Default pmlogger configurations can collect tens of
megabytes of data per day (possibly split into multiple archives), per
target host. If your disk space is less than infinite, or archive-splitting
unwieldy, this should be managed. In the default, unmanaged case, the system
administrator is responsible for managing the individual archive-*
files from the per-host logging subdirectories. pmmgr offers several
other options, each representing different performance and usability
tradeoffs.
This style of archive log management regularly creates a single
merged archive from prior archives for each target host, in effect lopping
off old data and appending the new. A single merged archive can be
relatively large (defaults to approximately 100-400 MB per host), and puts a
corresponding I/O load on storage, but is most convenient for a detailed
long-timeframe analysis. Once pmlogger is restarted, it always
creates a new archive, so in the steady state, there will be one merged
archive of recent history, and one current archive being written-to by
pmlogger.
- pmlogmerge*
- If this file exists, pmmgr will run pmlogextract to
periodically merge together preexisting log archives for each target pmcd
into a single large one. Then, the preexisting log archives are deleted
(including any prior merged ones). This configuration file may contain a
time interval specification as per the PCPintro(1) manual page,
representing the period after which pmlogger should be temporarily
stopped, and archives merged. It represents the maximum amount of time
that the merged archive lags the present time. The default is
24hours.
- pmlogmerge-granular*
- If this file also exists, pmmgr will merge only a subset of
preexisting log archives into the new one, instead of all of them, so as
to approximate a granular, aligned set of merged archives.
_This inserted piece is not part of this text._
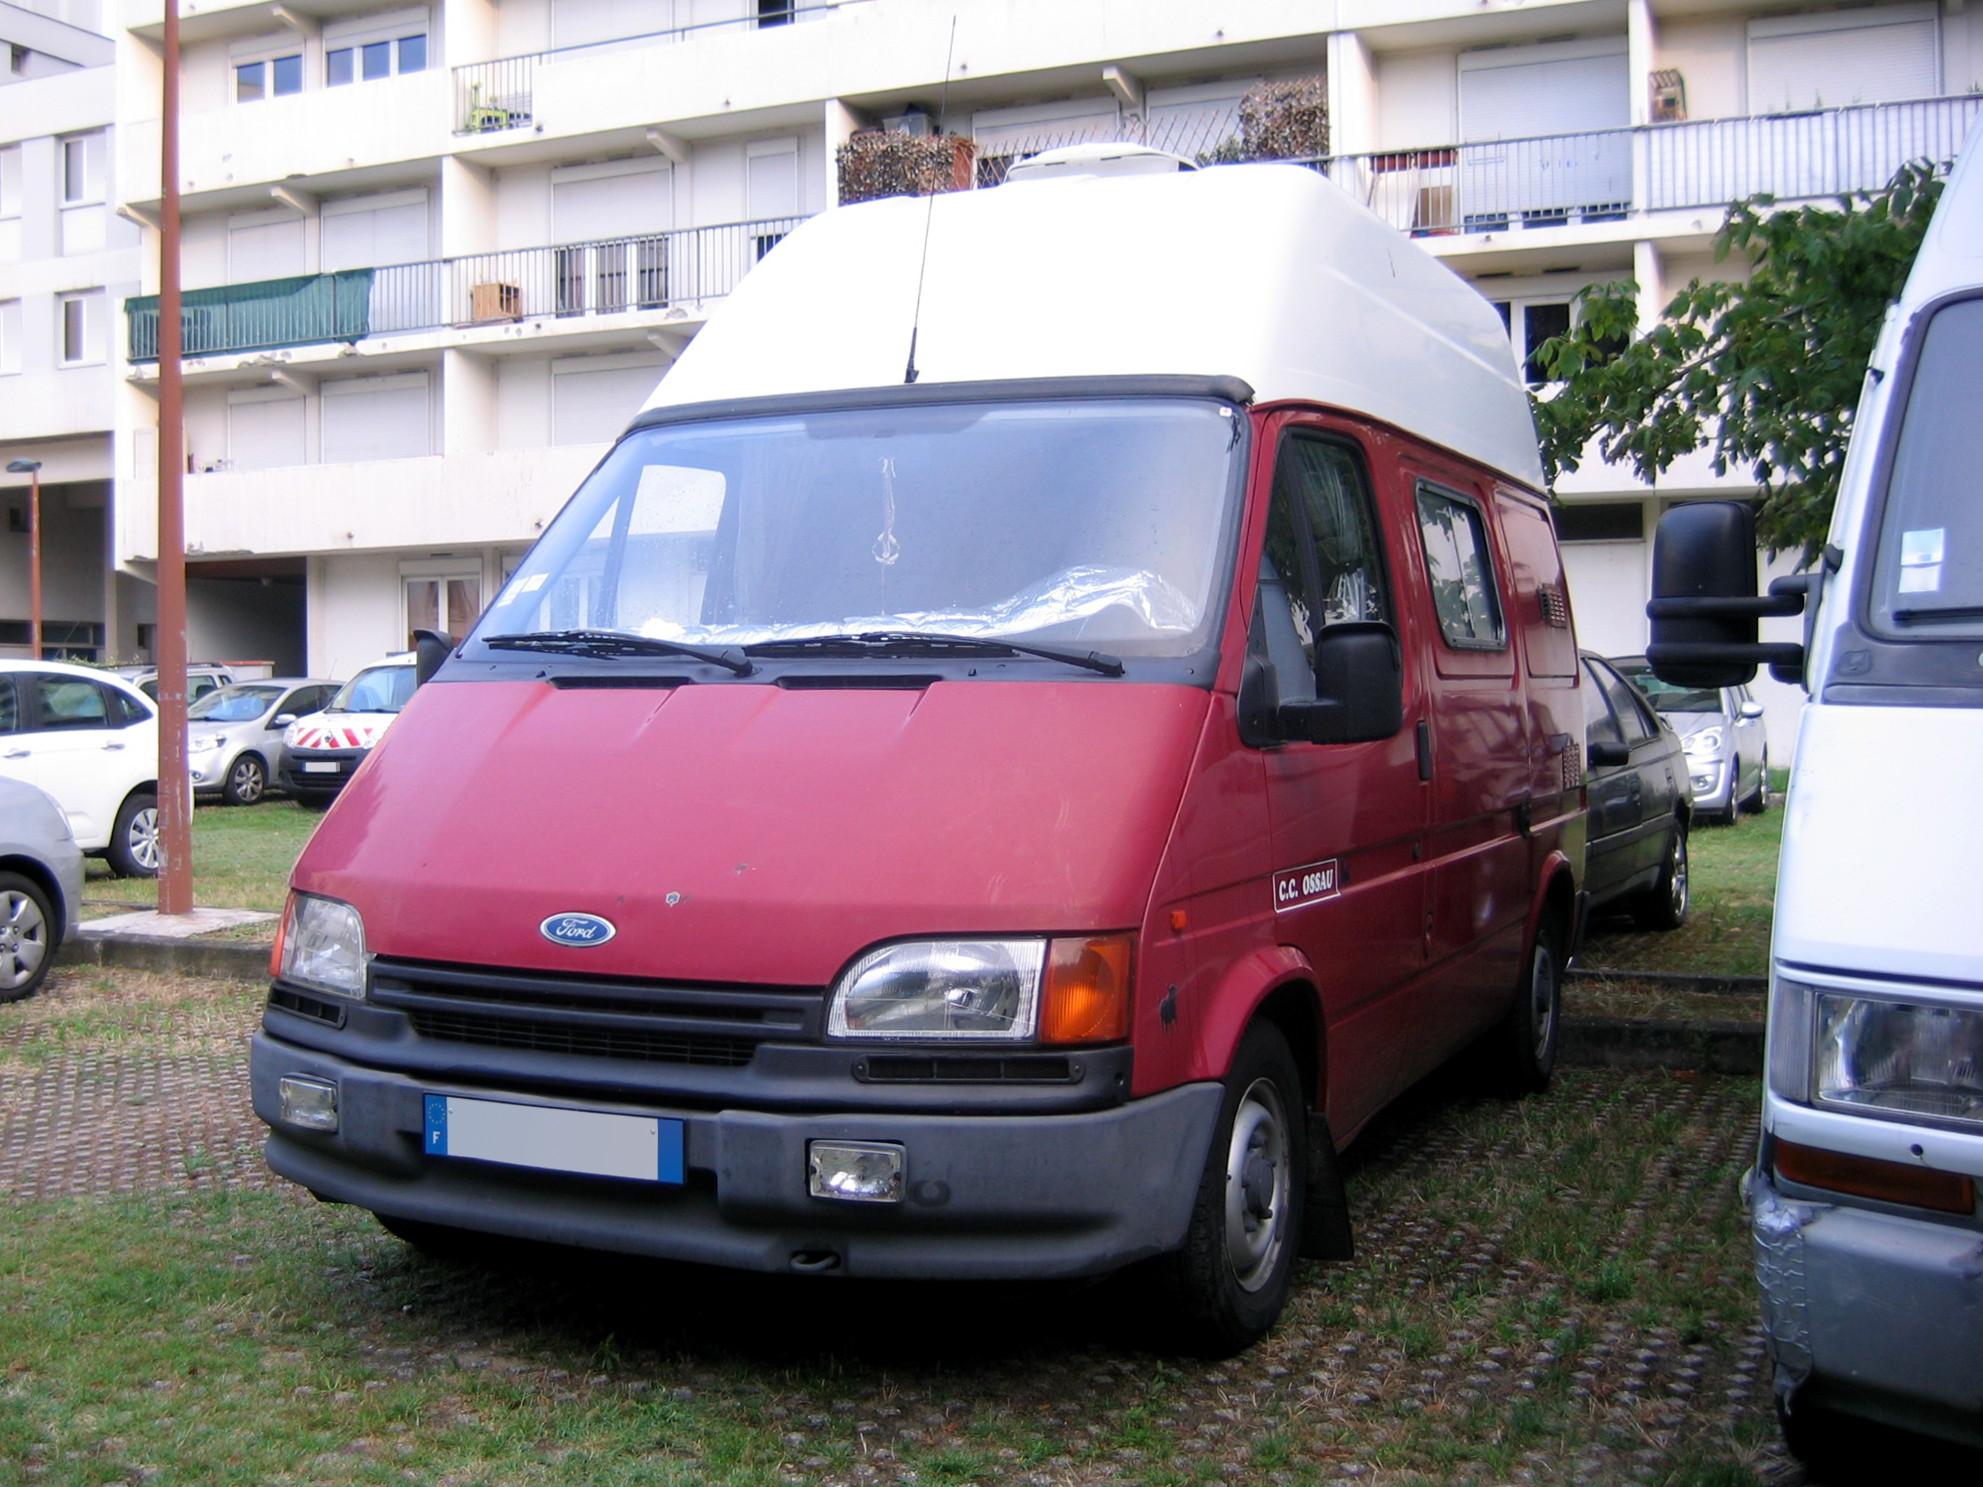 Ford Transit Van >> File:1991-1994 Ossau Ford Transit campervan (fl).jpg - Wikimedia Commons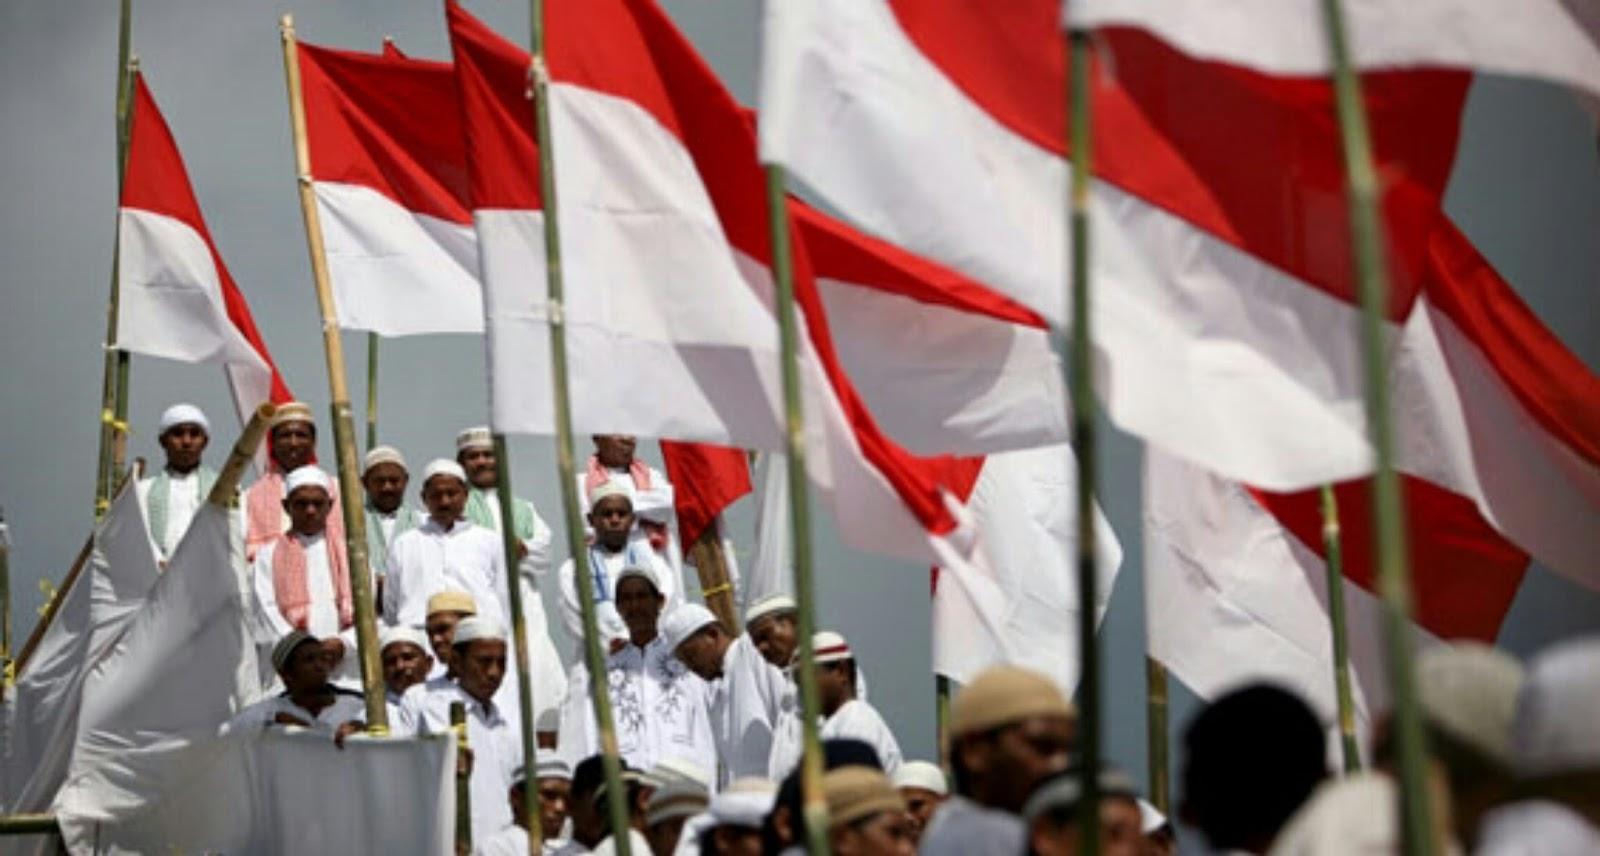 Islam Indonesia Islam Damai-IslamRamah.co

The subset
chosen corresponds to the previous time interval specified by the
pmlogmerge control file. The default is no granularity.
- pmlogcheck-corrupt-gc*
- Before archives are considered for merging, they are processed through
pmlogcheck to check for corruption. In the unlikely case of a
problem, such archives are renamed out of the way (named
"corrupt-*"), and retained up to a limited time. This file
specifies how long. If this file exists, it the time interval it contains
is the maximum age. The default is 90days. To store corrupt
archives indefinitely, set this to a large quantity like
"99999weeks".
- pmlogmerge-rewrite*
- If this file exists, pmmgr will run pmlogrewrite -i (plus
any other options listed in this file) on each input archive before
merging it. This will naturally require more disk I/O. The default is
no rewriting.
- pmlogmerge-retain*
- pmmgr reduces/deletes any original-resolution archives after a time
period specified by this file, as measured by the file mtime. The period
will also be passed to pmlogextract as a negative parameter to
-S. The default is 14days. To store archives indefinitely,
set this to a large quantity like "99999weeks".
- pmlogreduce*
- If this file exists, then prior to removing archives that expire past the
pmlogmerge-retain period, they are processed with
pmlogreduce to create reduced archives (named reduced-*). If
the file contains space-separated options, they are passed onto
pmlogreduce. (By default, pmlogreduce down-samples to a 600-second
interval.)
- pmlogreduce-retain*
- If this file exists, then reduced archives (identified by the
reduced-* pattern) are deleted after a time period specified by
this file, as measured from the file mtime. Since this time is likely that
of the pmlogreduce run, the total retention time will be approximately the
pmlogmerge-retain time plus the pmlogreduce-retain time. The
default is 90days. To store reduced archives indefinitely, set this
to a large quantity like "99999weeks".
- disk-full-threshold
- If this file exists, then pmmgr will track the disk space available
where pmlogger archives are kept. If that partition fills up past the
configured percentage, pmmgr will linearly reduce the duration logs
are kept via the disk-full-retention variable.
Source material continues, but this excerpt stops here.